On striking a pay deal for nurses, he said: “There have been extensive negotiations that the health secretary and myself have been involved in to try to resolve the pay issue. And we have put forward a record pay deal which will be a seven per cent increase, and an 11 per cent increase for those on the lowest incomes.”

Ross was scathing of health secretary Humza Yousaf, he said: “It is beyond doubt, this Health Secretary has failed...

“It is the 14th time since Humza Yousaf became health secretary that A&E waiting times have hit their worst ever levels.”
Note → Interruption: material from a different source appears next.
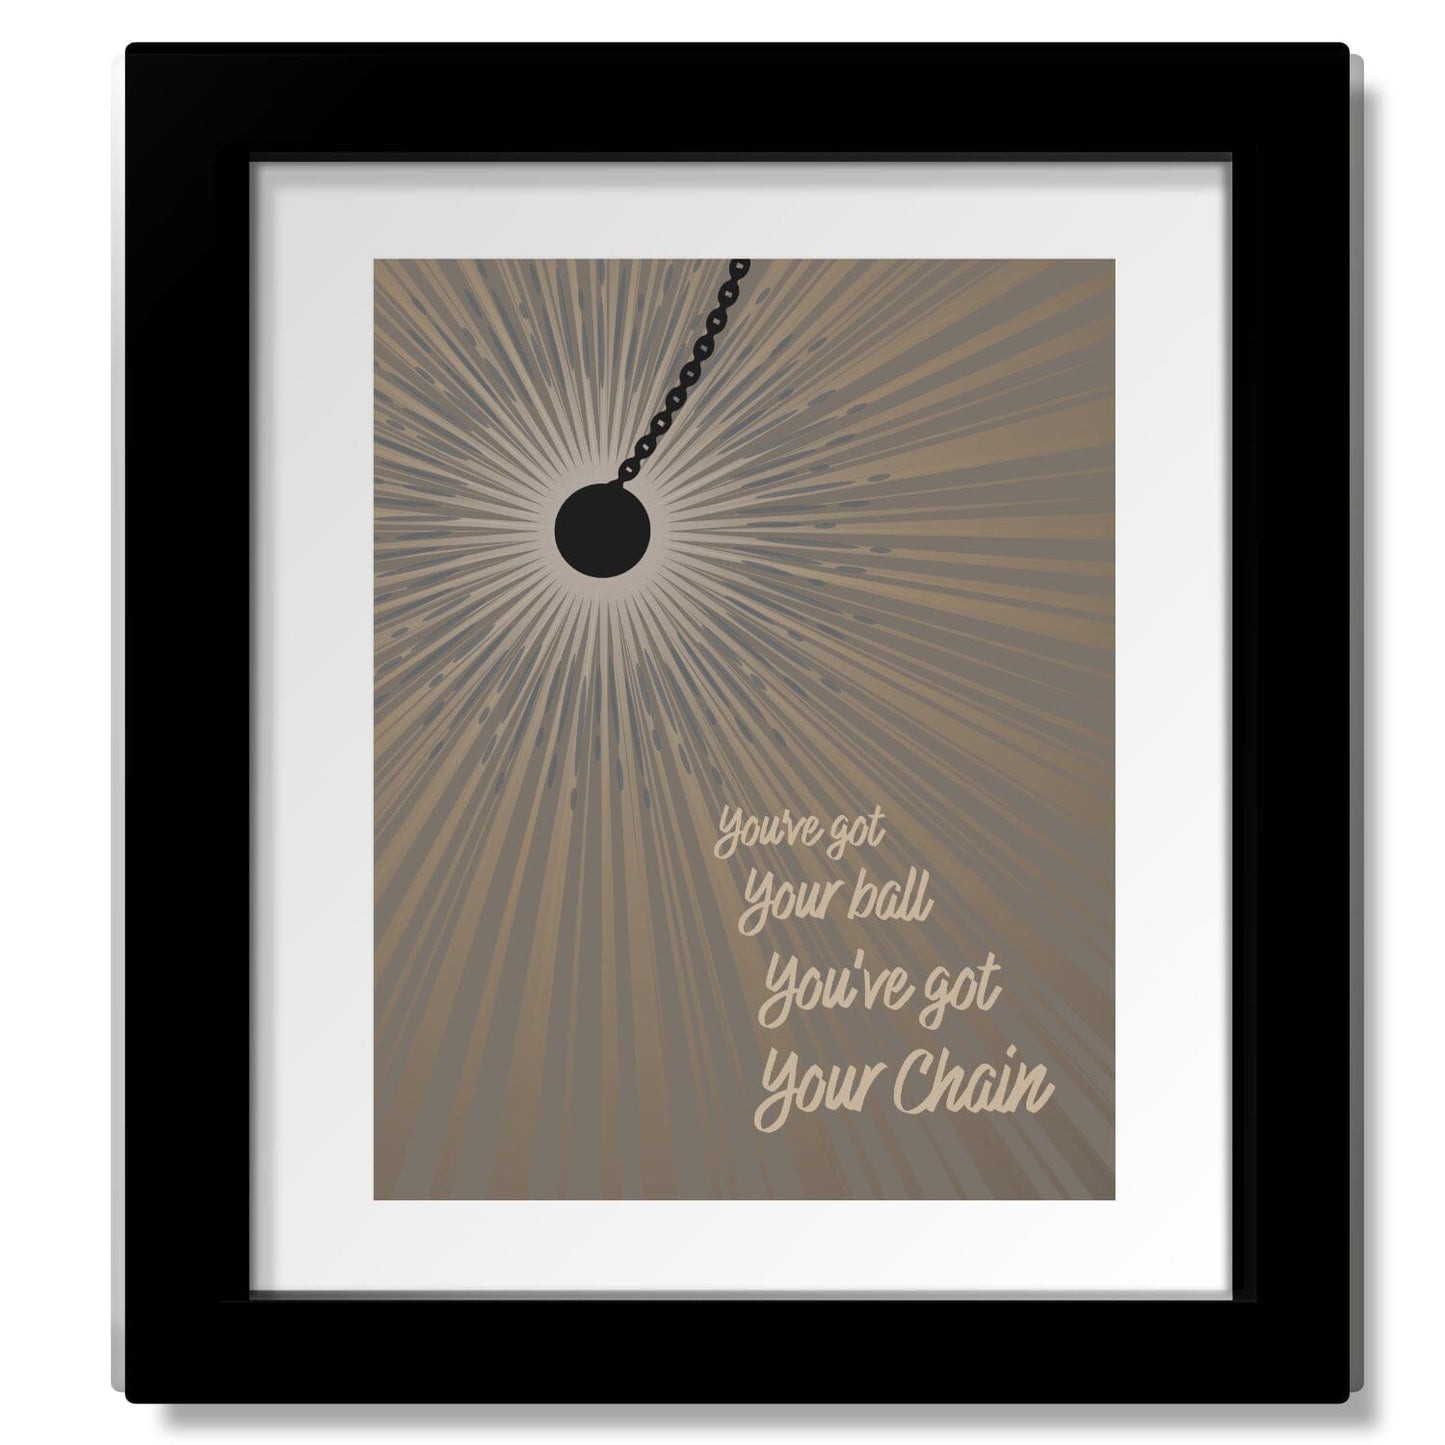 Crash into Me by Dave Matthews Band - Song Lyric Print Art Song Lyrics Art Song Lyrics Art 8x10 Matted and Framed Print 
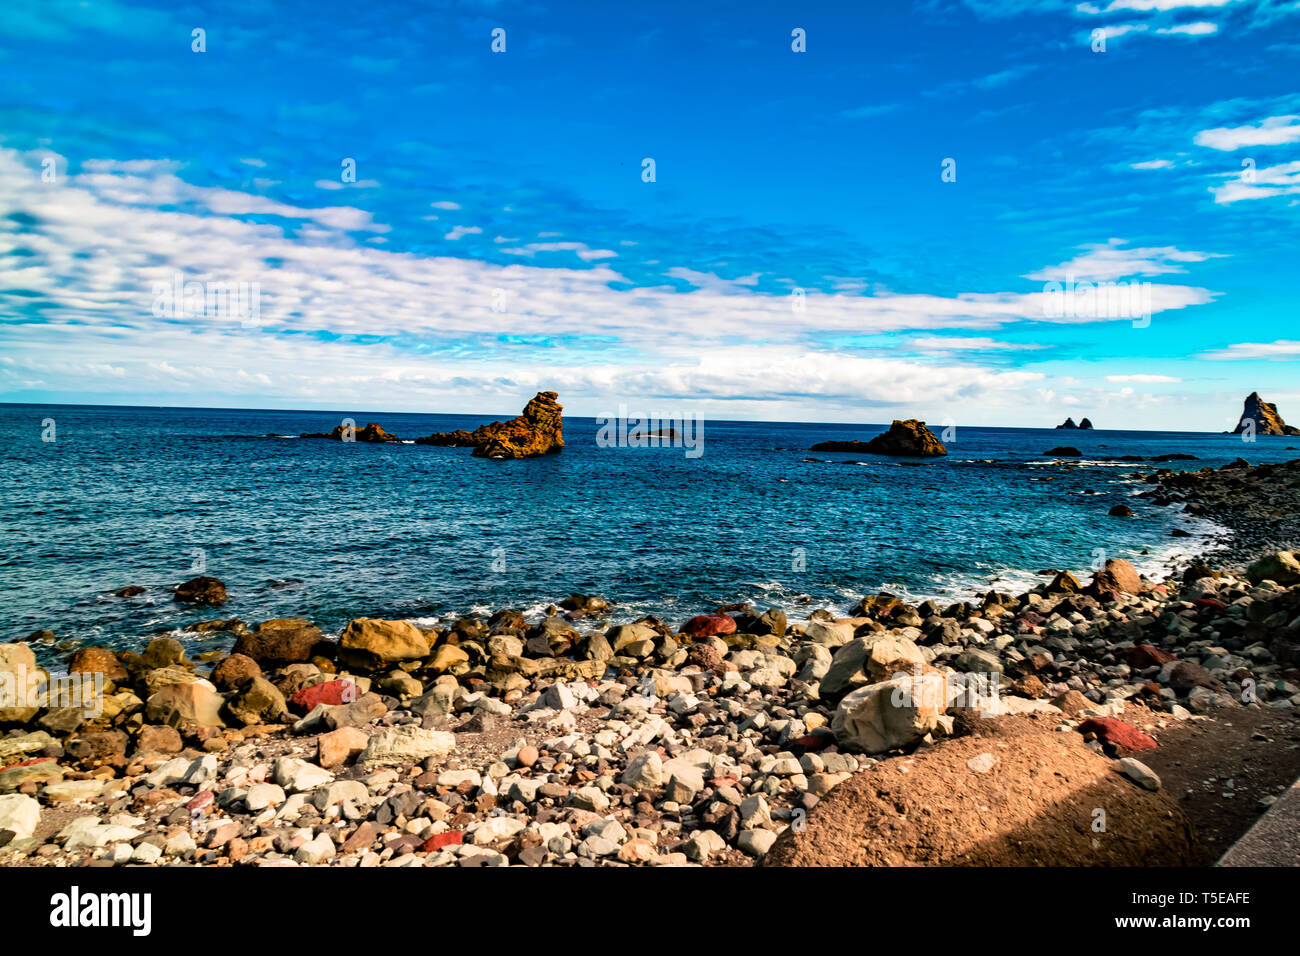 The beach of Almaciga, Tenerife north. This beach is just in the near of the famous Benijo beach, but it doesn't miss at beauty! Stock Photo

Swinney rebutted Ross’ comments by pointing that “we have the best performing A&E system in the United Kingdom.”

Scottish Labour leader Anas Sarwar pointed out to the Deputy First Minister that “nurses have been underpaid a long time before the pandemic”. He quoted Julie Lamberth of the Royal College of Nurses, who described the last ten years as “a decade of failure”.  

Swinney was keen to point out that “we have record staffing levels in the NHS” and that vacancies have not been helped by the blocking of freedom of movement caused by Brexit.  

Sarwar described the UK Government as “rotten” and said they should “pay the price” for the economic crisis. But then was keen to highlight more failings of the NHS Scotland. He pointed to figures from NHS Greater Glasgow and Clyde, that reported 216 investigations into “significant adverse events that could have or did result in harm to people or groups of people” in which six people died as a result.

He said of the DFM: “His head is in the sand. If it is so good [staffing level], why are they striking for the first time in their history?”

Swinney responded: “The Scottish Government is absolutely focused on giving the necessary leadership and resourcing to addressing those circumstances.”